Groups and Greediness

One of the major uses for regular expressions is for extracting substrings from a string. This can be done with groups. For instance, suppose I want all of stems that have the morpheme with the form /ʃən/.
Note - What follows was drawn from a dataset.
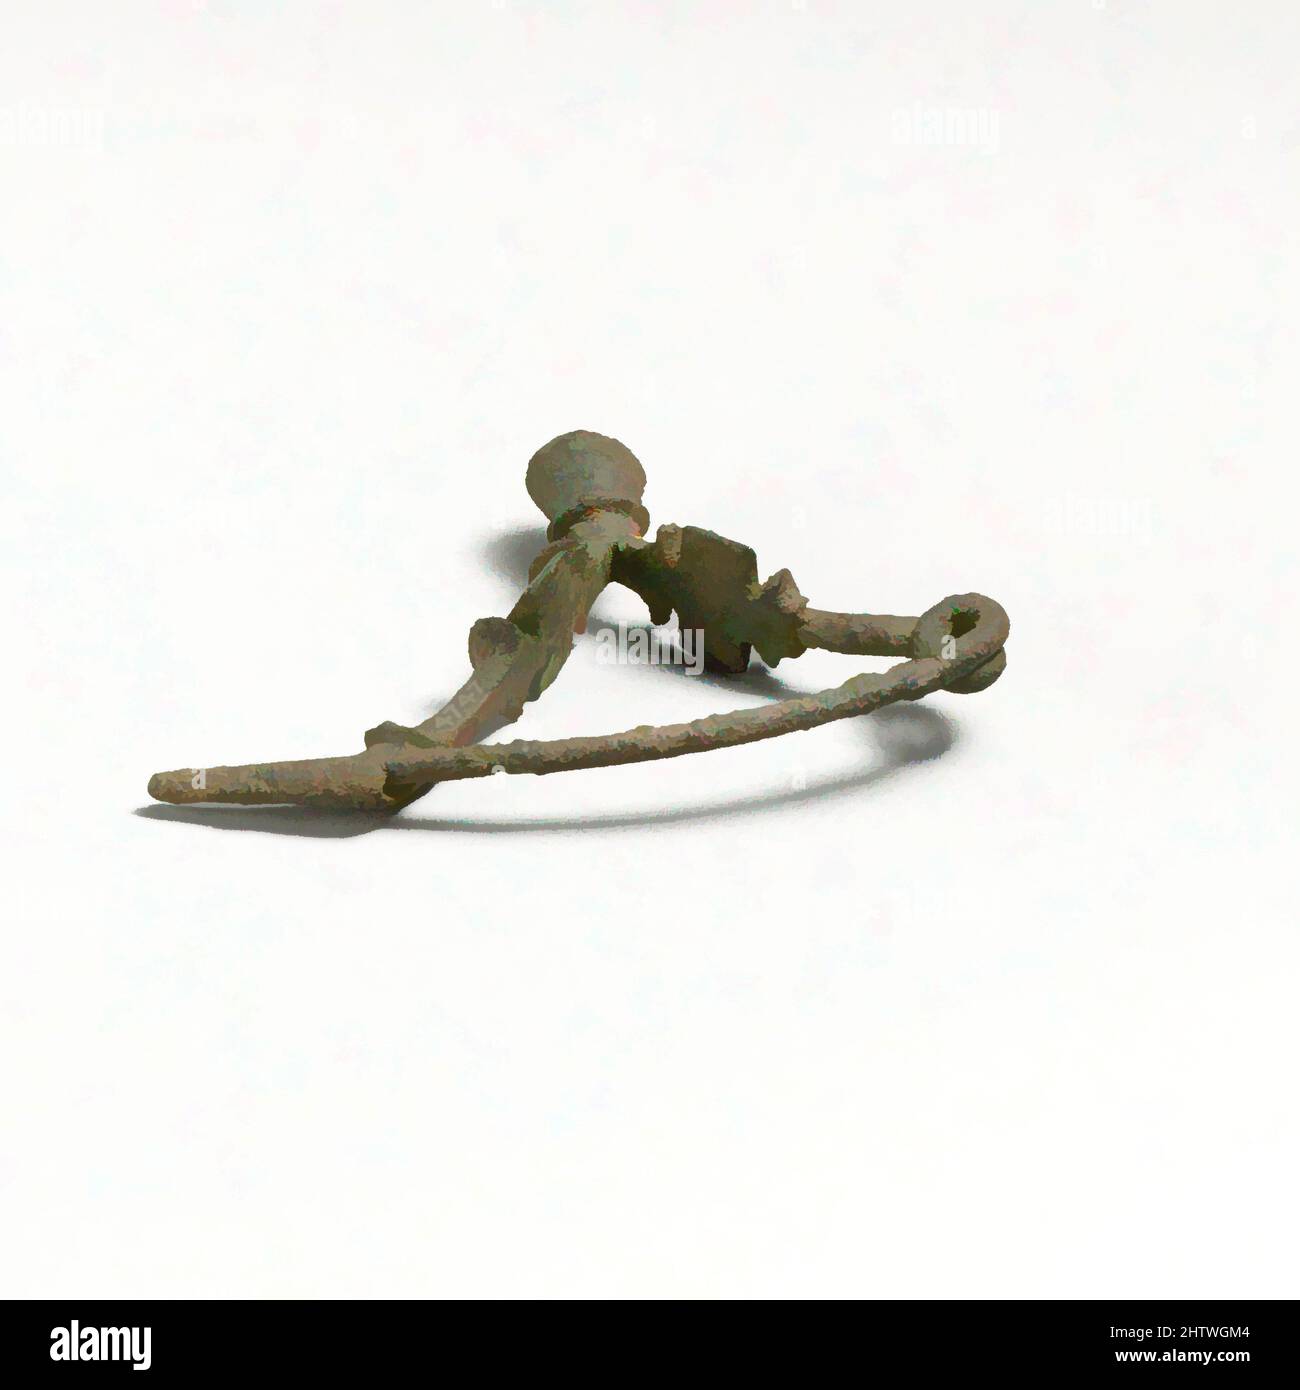 Art inspired by Bronze fibula (safety pin), Geometric, ca. 8th century B.C., Cypriot, Bronze, length 3 5/8in. (9.2cm), Bronzes, Bow bent up at an angle, knob on top slightly flattened with a small collar; head formed by a spiral of one turn. Fibulas of this type are purely Cypriot, Classic works modernized by Artotop with a splash of modernity. Shapes, color and value, eye-catching visual impact on art. Emotions through freedom of artworks in a contemporary way. A timeless message pursuing a wildly creative new direction. Artists turning to the digital medium and creating the Artotop NFT Stock Photo

Load IPA representation of CMU Pronouncing Dictionary

with open("cmudict-ipa") as f:
    entries: list[tuple[str, str]] = [
        l.strip().split(",") for l in f
    ]
    entries: dict[str, list[str]] = {
        w: ipa.split() for w, ipa in entries
    }

import re

regex_ʃən = '(.+)ʃən'

n_matches = 0

for w, ipa in entries.items():
    if re.fullmatch(regex_ʃən, "".join(ipa)):
        if n_matches < 30:
            n_matches += 1
            print("".join(ipa), re.findall(regex_ʃən, "".join(ipa)), f"({w})")
        else:
            print("...")
            break

əbɹivieɪʃən ['əbɹivieɪ'] (abbreviation)
æbdɪkeɪʃən ['æbdɪkeɪ'] (abdication)
æbdəkʃən ['æbdək'] (abduction)
əbdəkʃən ['əbdək'] (abduction(1))
æbɝeɪʃən ['æbɝeɪ'] (aberration)
əbleɪʃən ['əbleɪ'] (ablation)
əbluʃən ['əblu'] (ablution)
æbnɛgeɪʃən ['æbnɛgeɪ'] (abnegation)
æbəlɪʃən ['æbəlɪ'] (abolition)
əbɑməneɪʃən ['əbɑməneɪ'] (abomination)
əbɔɹʃən ['əbɔɹ'] (abortion)
æbɹəgeɪʃən ['æbɹəgeɪ'] (abrogation)
æbsəluʃən ['æbsəlu'] (absolution)
əbzɔɹpʃən ['əbzɔɹp'] (absorption)
əbsɔɹpʃən ['əbsɔɹp'] (absorption(1))
əbstɛntʃən ['əbstɛnt'] (abstention)
æbstɛntʃən ['æbstɛnt'] (abstention(1))
æbstɹækʃən ['æbstɹæk'] (abstraction)
ækədəmɪʃən ['ækədəmɪ'] (academician)
æksɛlɝeɪʃən ['æksɛlɝeɪ'] (acceleration)
əksɛʃən ['əksɛ'] (accession)
ækləmeɪʃən ['ækləmeɪ'] (acclamation)
ækləmeɪʃən ['ækləmeɪ'] (acclimation)
əkɑmədeɪʃən ['əkɑmədeɪ'] (accommodation)
əkɹɛdəteɪʃən ['əkɹɛdəteɪ'] (accreditation)
əkɹiʃən ['əkɹi'] (accretion)
əkjumjəleɪʃən ['əkjumjəleɪ'] (accumulation)
ækjəzeɪʃən ['ækjəzeɪ'] (accusation)
ækjuzeɪʃən ['ækjuzeɪ'] (accusation(1))
əsɪdəfəkeɪʃən ['əsɪdəfəkeɪ'] (acidification)
...

This works to some extent, but notice that it will capture cases where /ʃən/ is not a morpheme. For instance, the word passion will get matched. It will also return the wrong stem when the morpheme is realized as /eɪʃən/, such as accreditation.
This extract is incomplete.